What do you enjoy the most in this research?

Surprisingly, it’s the trouble-shooting that I enjoy in research. Experiments don’t work out 90% of the time, which can be pretty frustrating. But I feel the most stimulated when I research for possible ways to get an experiment to work right, and it finally works.

What keeps you motivated to continue these corn plant virulence assays?

The corn plant virulence assays are a culmination of a few years of research, where we identified the genes controlled by quorum sensing in Pantoea stewartii. A gene can affect anything in the bacterium, from capsule production to motility. But to be able to test whether these targets affect pathogenesis brings us closer to the ultimate goal of identifying gene targets that can be used for disease intervention strategies.

What do you ultimately what to discover in the continuation of this research?

I would like to find out how dkgA and lrhA– the two genes shown to be controlled by quorum sensing– affect pathogenesis. Also interesting would be to see why the bacterium needs to regulate these two genes according to its cell density.

If you were to finish this research soon, what is the next big thing you want to research next?

Given the knowledge of quorum sensing that I have gained in these 5 years, I would like to study the communication between different bacterial species in an environment and see what factors play a role in that.

How do you recooperate from a failed or unexpected experiment, and how do you go about moving forward from that?

When an experiment fails, I resort to research. I look up similar experiments online, or email people who may have experience in a similar system. I often ask professors and other graduate students in our department if they have faced similar problems. If someone has already found a way out, I’d rather not spend time reinventing the wheel.
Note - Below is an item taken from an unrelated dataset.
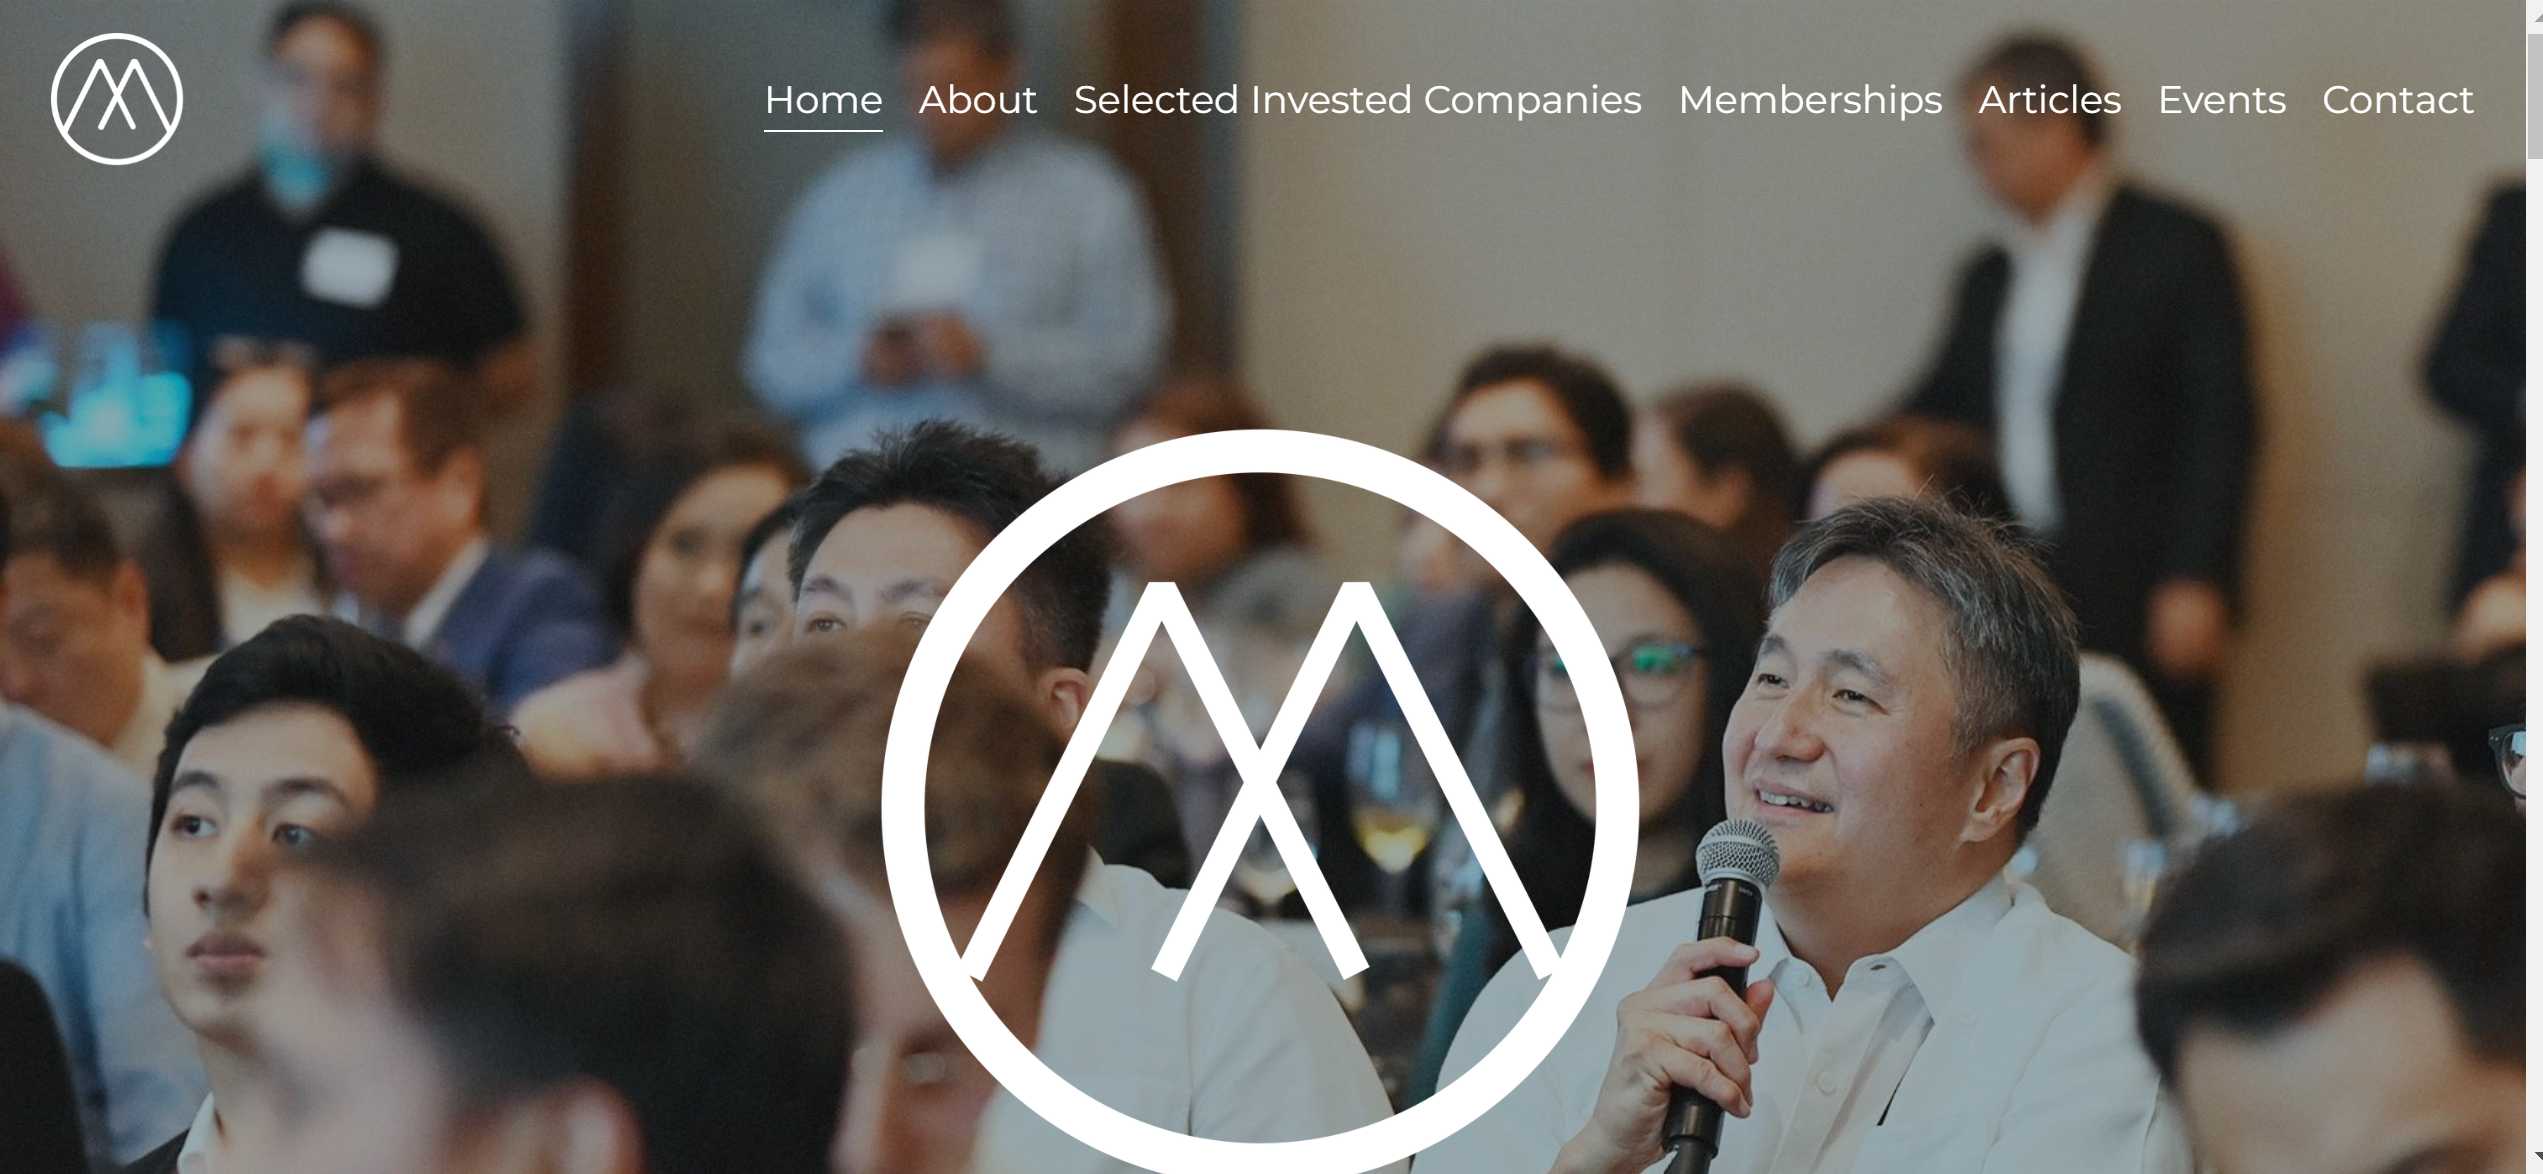 Manila Angel Investors Network

If nothing works, then I resort to trial and error, which takes time but does eventually give results.

How will this research benefit the larger community?

Ramachandran hopes that insight into quorum sensing in Pantoea stewartii will lead to the ability to prevent disease in other organisms, including humans, since many other species of bacteria also employ quorum sensing to regulate pathogenesis.
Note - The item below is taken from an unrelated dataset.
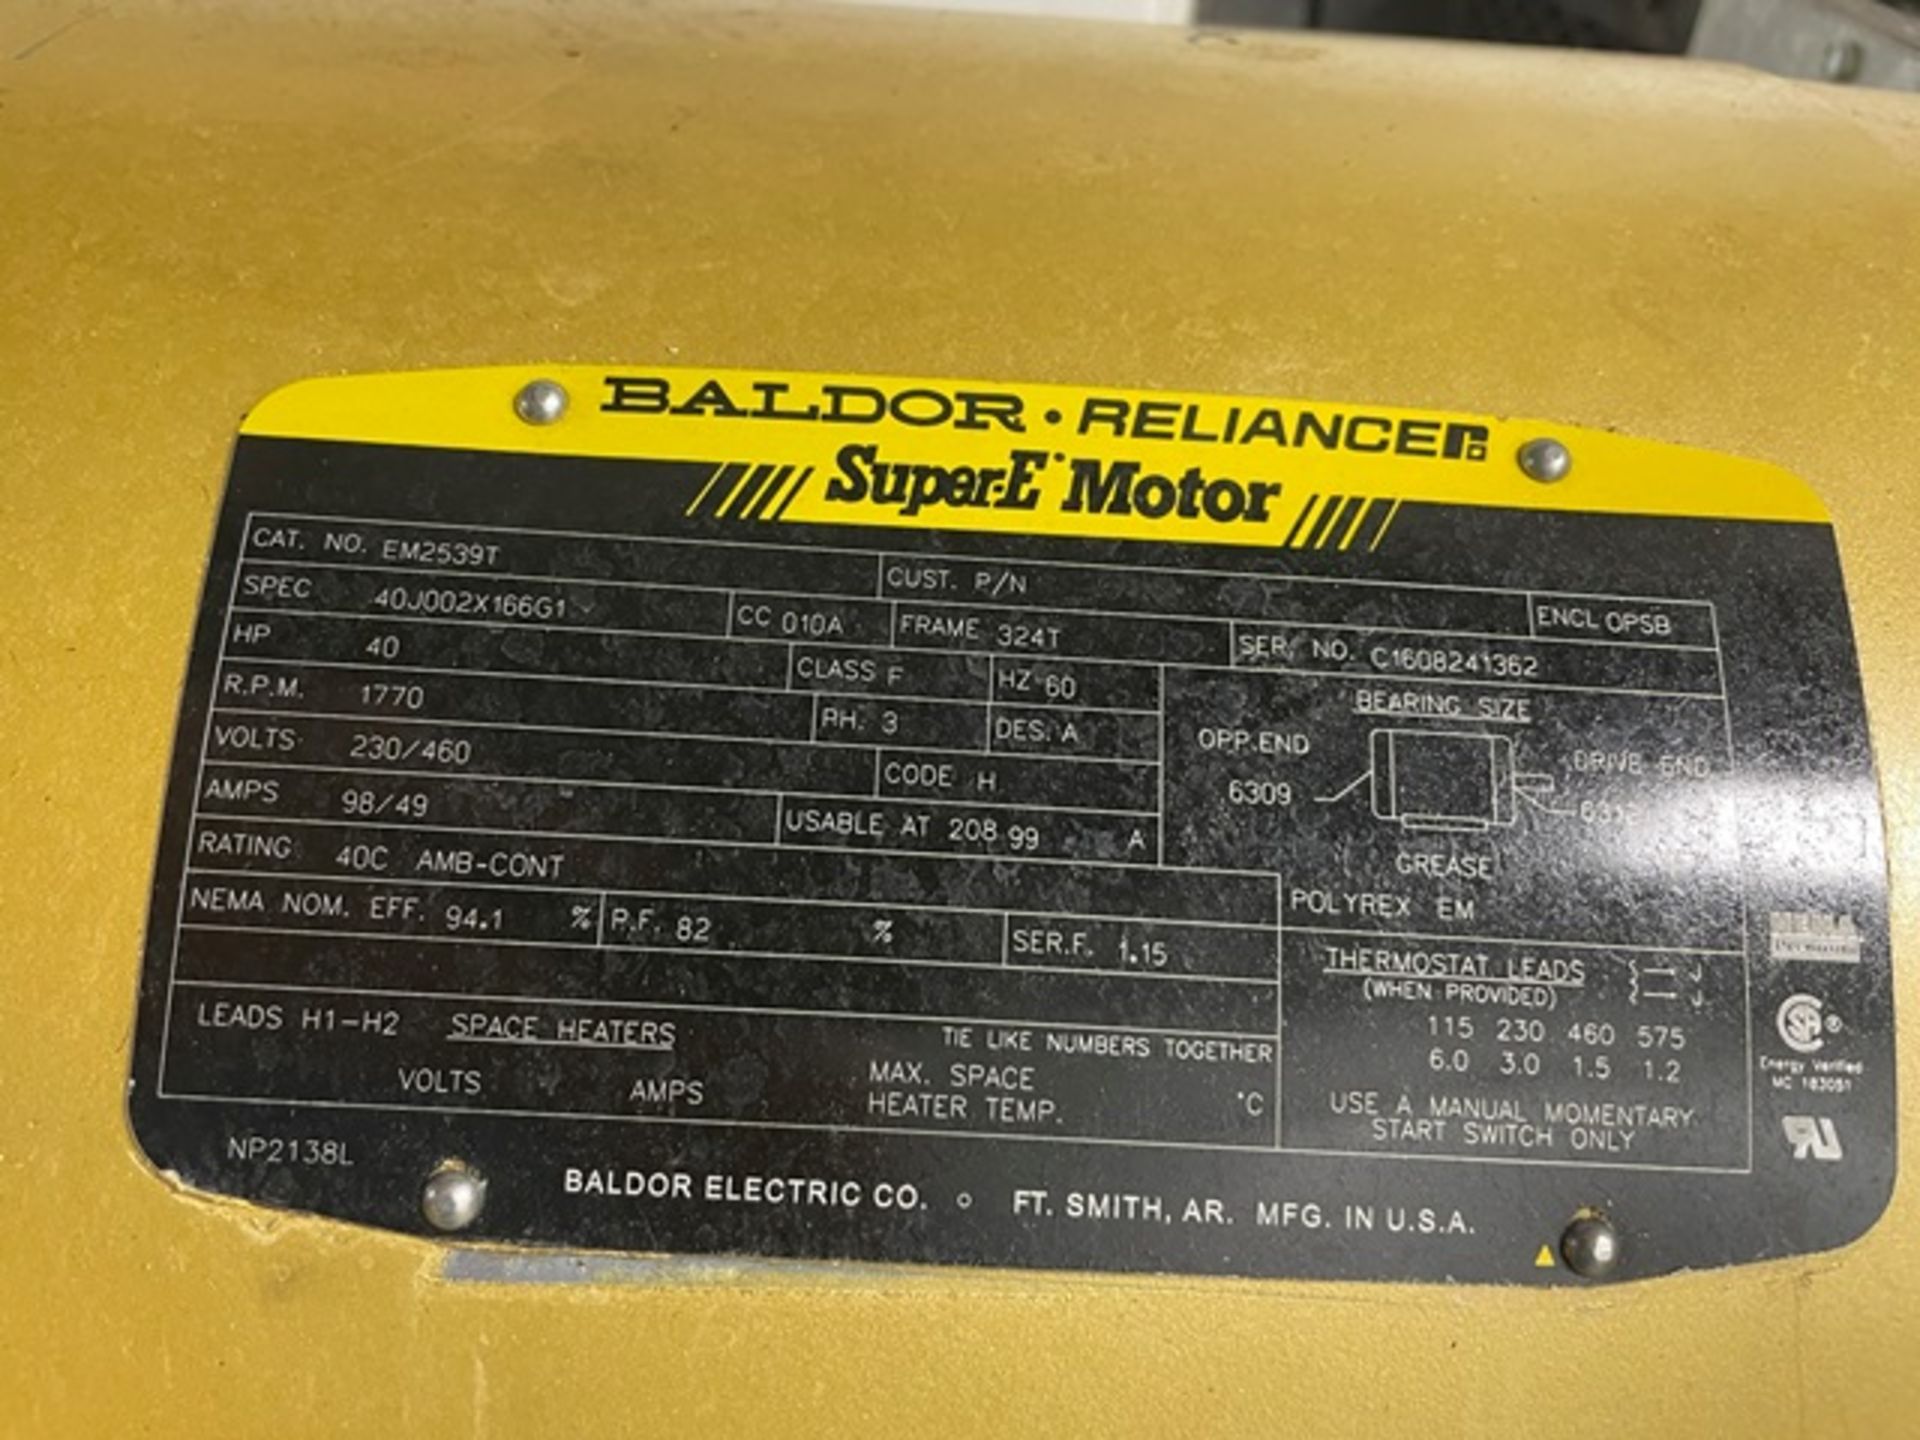 Baldor 40 HP Motor & Blower Unit, Includes Powerflex 753 Control - Image 2 of 2

Ramachandran and Stevens have identified approximately 15 new genes that are directly regulated by quorum sensing in P. stewartii. “A gene can affect anything in the bacterium, from capsule production to motility and even bioluminescence,” said Ramachandran.  “But to be able to test whether these targets affect pathogenesis brings us closer to the ultimate goal of identifying gene targets that can be used for disease intervention strategies.”
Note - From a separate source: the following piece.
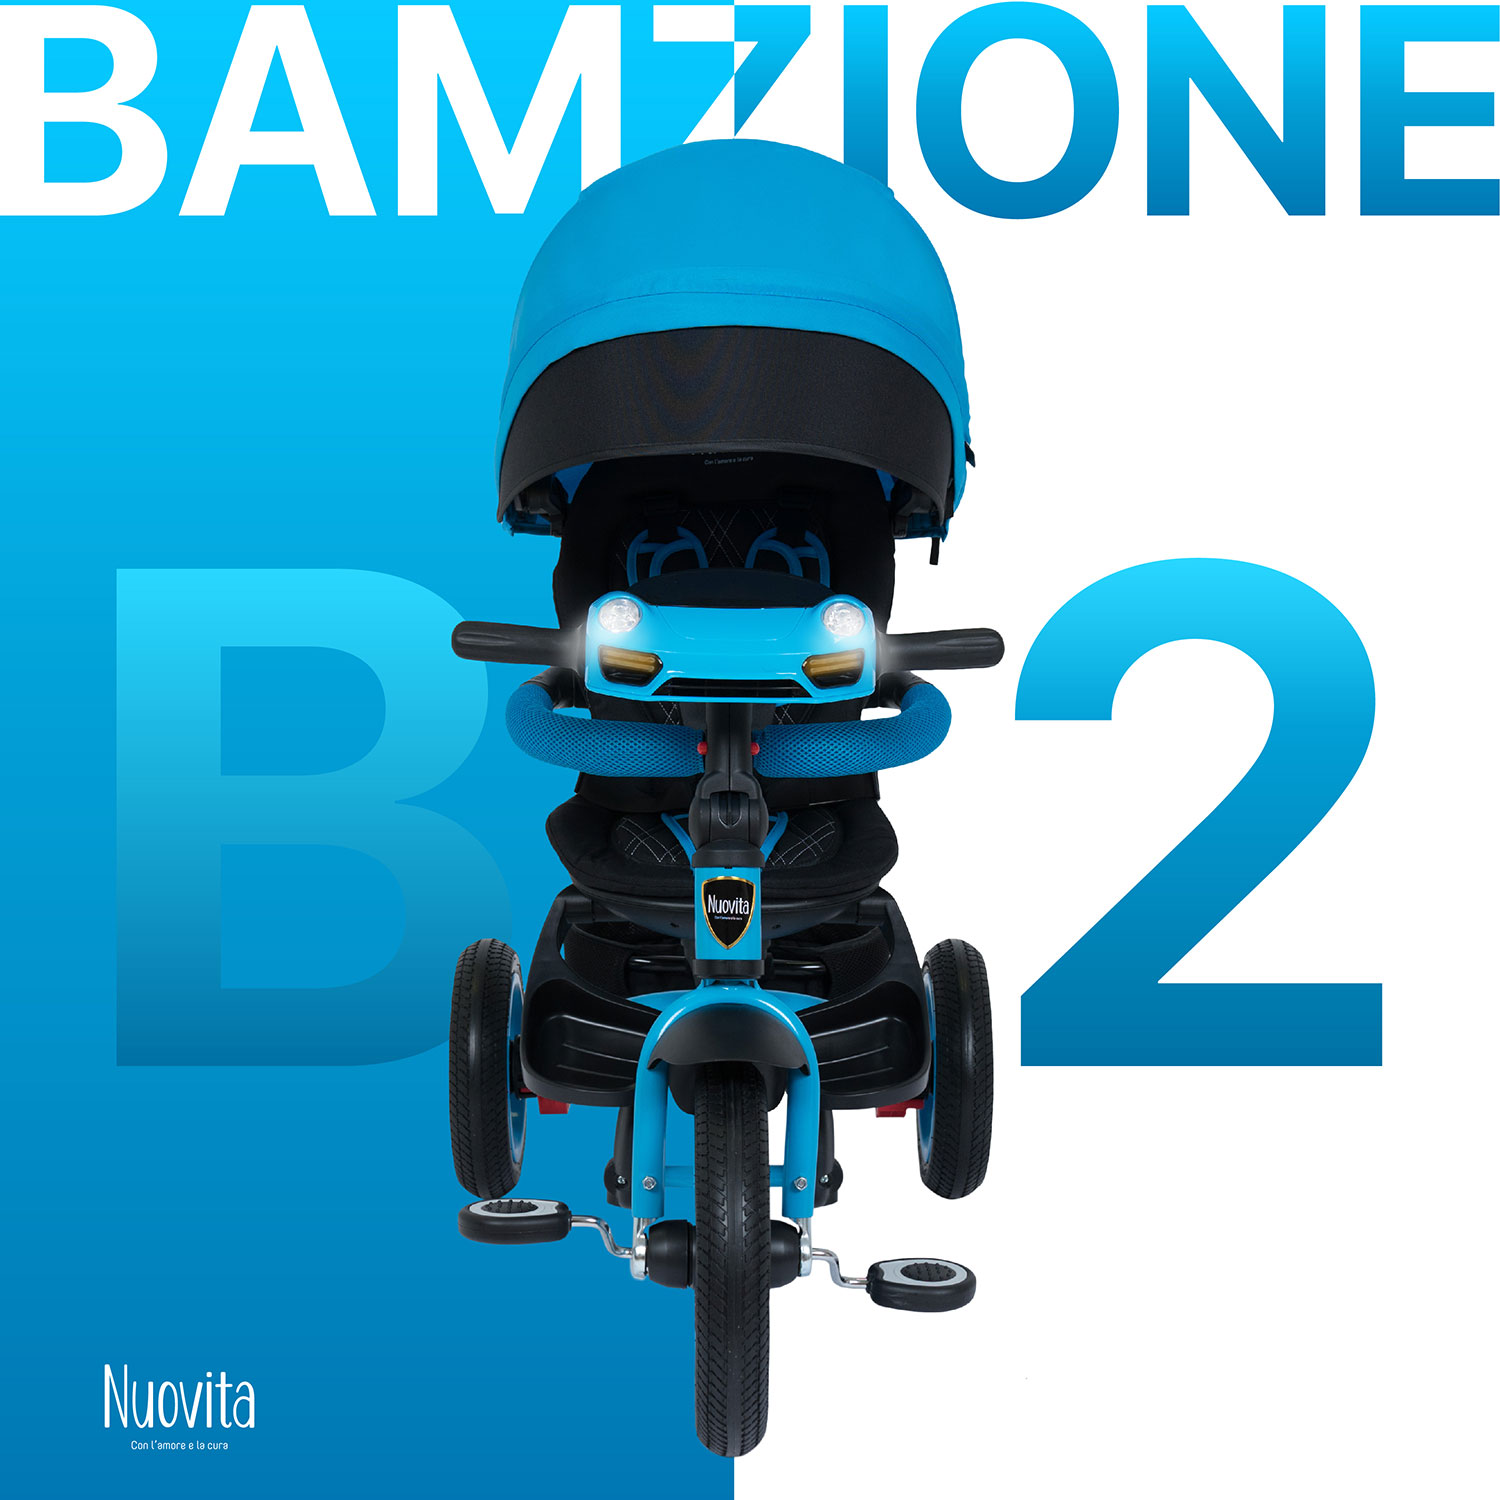 Трехколесный велосипед Nuovita Bamzione B2 Blu/Синий трехколесный велосипед nuovita bamzione b2 rosso красный

In her time at Virginia Tech, Ramachandran has worked as a teaching assistant in the department of biological sciences and served on a faculty search committee for that department. She’s presented her research at international conferences such as the 63rd Bacteria, Archaea and Phages Meeting, the 4th ASM Conference on Cell-Cell Communication in Bacteria and the Gordon Research Conference on Microbial Stress Response. She’s also published papers in the Journal of Bacteriology as well asApplied and Environmental Microbiology.

Her advisor and mentor, Ann Stevens, can testify to Revathy’s numerous accomplishments. “Using both proteomic and cutting edge Next-generation sequencing technology, Revathy has greatly expanded our knowledge of the genes controlled by quorum-sensing in P. stewartii,” Stevens said.

What did you study?

Previously, Ramachandran studied biotechnology at Visveswaraiya Technological University in Bangalore, India. “Coming to Virginia Tech to study microbiology was certainly a shift in focus for me, but one that has been very rewarding,” Ramachandran said.

Future plans?

Next, Ramachandran hopes to obtain a postdoctoral position where she can design experiments and continue researching. She aspires to one day develop a project and run her own lab at a prestigious university.